Ahead of “The Antwerp Six” Exhibition, Ann Demeulemeester Shares the Singular Tale of Her Life in Fashion


À Londres

At a certain point, the Golden Spindles were done. We wanted to continue, we wanted really to be real, not making clothes for a contest, but to make clothes to put on the market, to show to the world. We were all very naive, but very ambitious. So everybody tried to make a collection and Geert Bruloot [who co-owned a shoe shop in Antwerp at the time, acted as “troupe leader” to the Six, and is a co-curator of the MoMu] said, ‘Let’s rent a caravan together and then we can go to London.’ The others had already decided to go, but I was pregnant and I didn’t have a collection yet, the only thing I had ready was sunglasses. So they went to London and they took my sunglasses. [It was] in ’86 that they went to London, but I wasn’t there, I was giving birth to my son.

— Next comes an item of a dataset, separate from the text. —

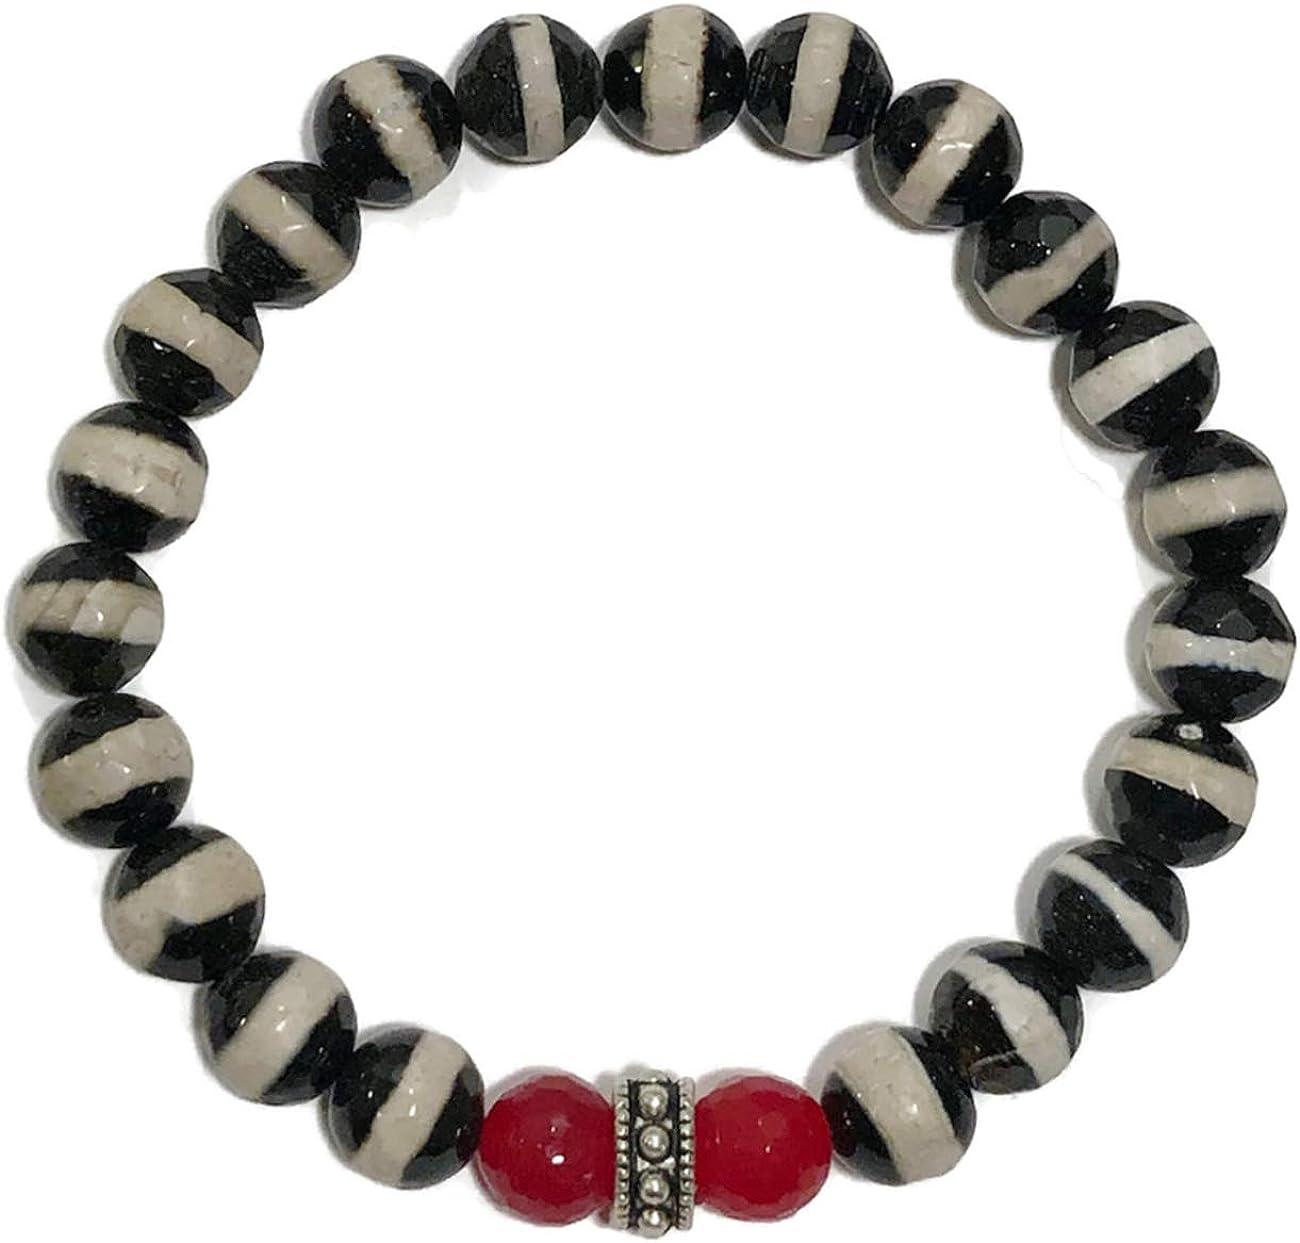 Chakra Yoga Reiki Healing Energy Zen Meditation Jewelry Good Luck: Tibetan dZi Agate Wellness Self-Care Bracelets Red Jade KarmaArm Lucky Bracelet
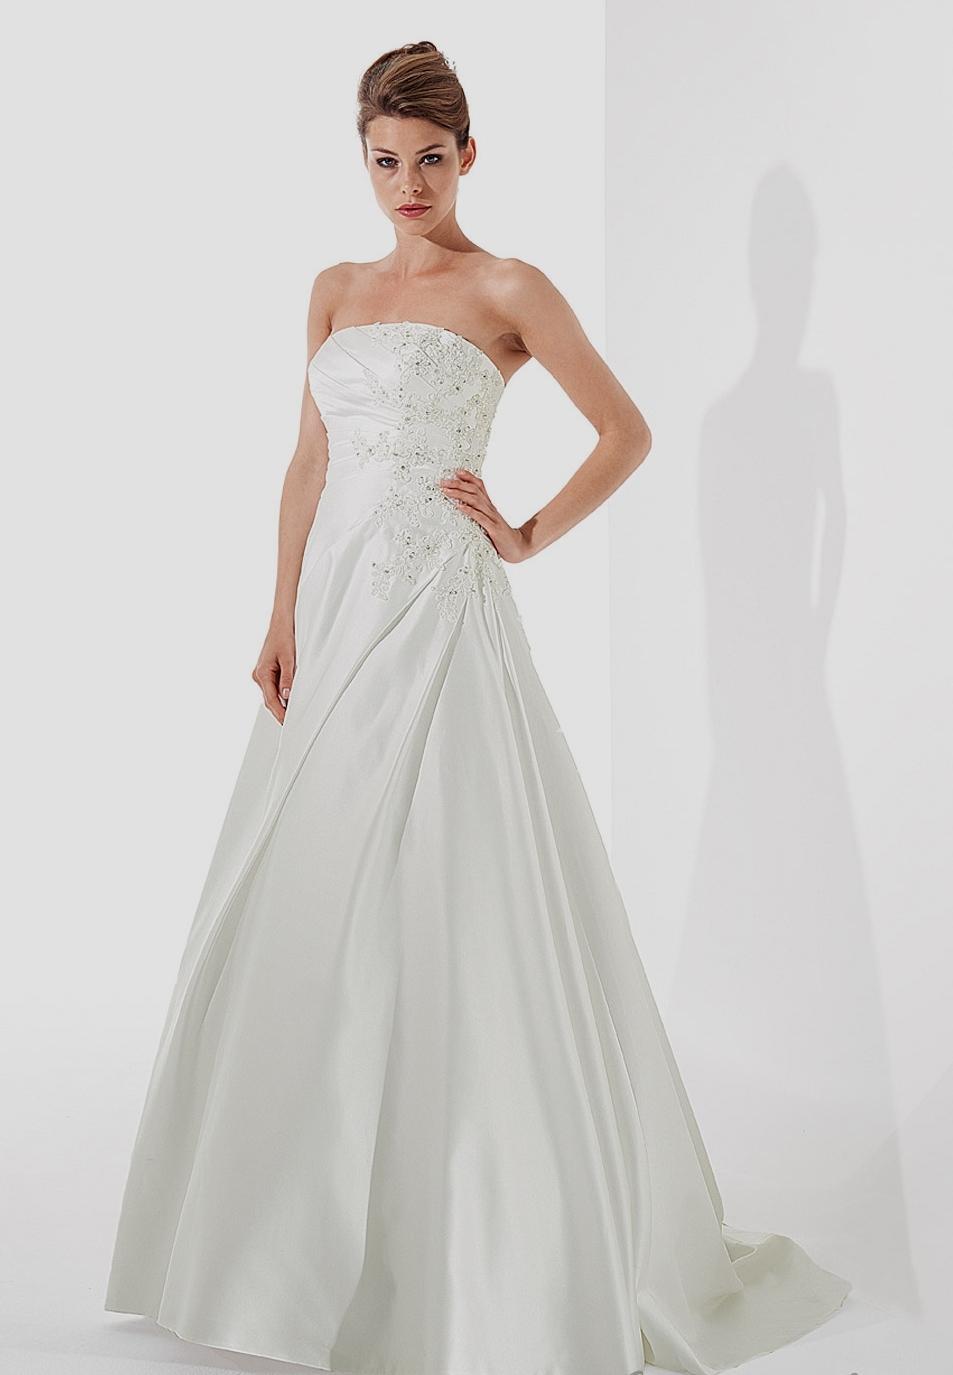 Hochzeitskleid Jasmin 303 - Typ: Brautkleid Jasmin 303

The third time I had my collection ready. At first I was hesitating because my goal was to make a collection and to go to Paris, but then I thought, ‘Okay, maybe it’s nice to go to London,’ because London seemed a bit nicer to me in the sense that if you make a mistake, it’s maybe not such a big deal in London.

I spent every penny I had to make a little collection and we went to London and we had this little stand at the British designer show. My husband made photos—big photos—and he put them on a little stand and we put a table, two chairs and one rack of clothes. It would be all or nothing because we spent everything we had. It was very special because after five minutes, somebody came in, sat down and started to write orders, and it went on like that for four days.

It was amazing. My first client was Barneys. They sat down and they said, ‘Let’s make an order.’ And I said, ‘Yes, okay.’ And each time I had to convince them to pay upfront or to give me a letter of credit to be able to produce because I was completely self-supporting everything. But they all agreed and thanks to that I could start. I produced my first season and I scotched-taped the boxes, I telexed the invoices because faxes didn’t exist yet—can you imagine?

Each to Their Own

People couldn’t pronounce our names, it was impossible, forget it, they didn’t even start. They just saw that there were six new designers, that all six were very different, and everybody liked somebody of the six, and they just called us the Six because it was so much easier, and it was special because it was six designers coming out of a country where nobody expected anything from. I remember my first clients asked me, ‘Belgium, where is that?’ Even the first time I was in London, I had to explain where Belgium was.

And then it became like a little bit of a myth because everybody had heard of the Six, so every single interview I have done all my life, the first question was about the Antwerp Six. I went crazy; but okay, I’m used to it now, voilà. It has become the story that speaks to the imagination—that there is a group of six kids who just start all by themselves doing everything themselves and everybody in his own way. And some of us had a backer, others had nothing. I mean, we worked to be there. It’s unimaginable in the world we live in now if you see how things function now. Everything is different, but okay, I mean, every time has its particularities.